In October, we began making equipment deposits and expect to spend approximately $40 million of CapEx during the remainder of 2022 on the Conway facility. More importantly, we're assembling a world-class team of experienced manufacturing professionals to lead the build-out and ultimately the operation of the facility once it's commissioned. We're currently on schedule to begin producing and delivering products to customers from that facility in the first half of 2024. With respect to our balance sheet, at quarter end, we had approximately $266 million of unrestricted cash on hand and undrawn revolving credit commitments. Our consolidated net leverage ratio at September 30 was 2.1 based on third quarter annualized adjusted EBITDA. We believe that we have ample access to liquidity to achieve our near-term growth targets and capital expenditure needs.

Now I'd like to take a moment to discuss where we stand relative to our net sales and adjusted EBITDA guidance for the year. Our 2022 financial results have been impacted by three main factors. First, inflation generally, and more specifically, higher gasoline prices in July and August, had a significant negative impact on U.S. consumer spending, resulting in lower product sales in our away-from-home channels, particularly restaurants and convenience stores. We began to see this ease mid-August, leading to a more normalized sales volume in September. While this lift certainly helped to balance out the quarter, it was not sufficient to make up for lower sales earlier in the quarter. Second, it has taken us a little longer and cost a little more in terms of equipment, labor, and materials to absorb the 59% increase in single-serve cup volume we received in the third quarter.

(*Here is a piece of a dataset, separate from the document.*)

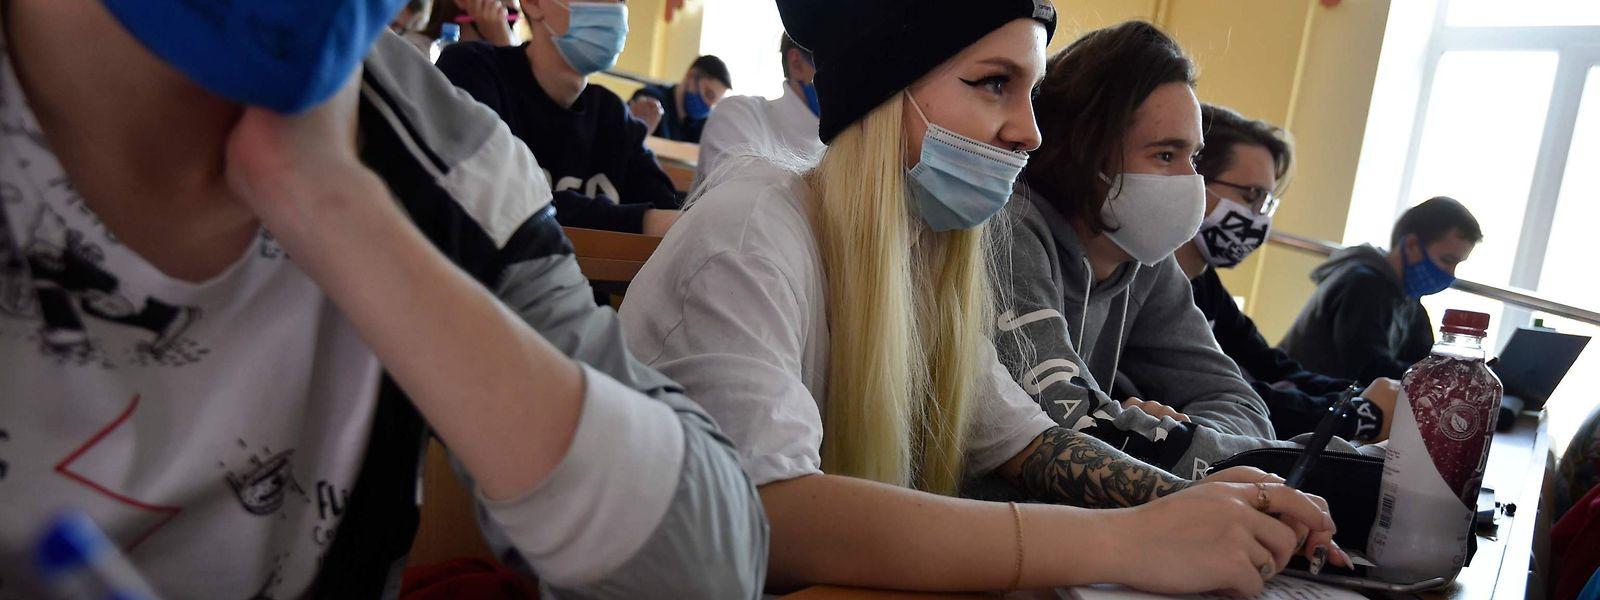 Depuis lundi, des tests salivaires gratuits et anonymes sont proposés aux 30.000 étudiants de l'Université de Liège.

The good news is that the volume of orders is as we expected, and as we continue to stabilize our growing single-serve platform, we feel very good about our ability to more efficiently monetize these increased product volumes. Third, our team has done an absolutely fantastic job of executing against our plan and managing costs in a high inflationary environment. Year-to-date through September 30, we've generated $640.1 million in net sales and $42.6 million in consolidated adjusted EBITDA. While this represents year-over-year growth of 26% in net sales and 29% in adjusted EBITDA, it's approximately $69 million in net sales and $8.4 million in adjusted EBITDA behind where we previously planned to be at the end of the third quarter.

Roughly half of our adjusted EBITDA shortfall is attributable to lower volumes in 2022, and roughly half of it is attributable to the natural lag that occurs as our higher material and production costs get pushed through to our customers pursuant to their respective pricing formulas over the next 2 to 4 quarters. Given the continued uncertainty of the macroeconomic environment, we are updating our outlook for the year and now expect to achieve net sales in a range of $850 million-$890 million and adjusted EBITDA in the range of $60 million-$63 million. While we are perhaps two quarters behind where we had planned on our short-term adjusted EBITDA expectations, the acceleration of capabilities we've announced today should allow us to continue to commensurately grow our adjusted EBITDA in 2025 and beyond.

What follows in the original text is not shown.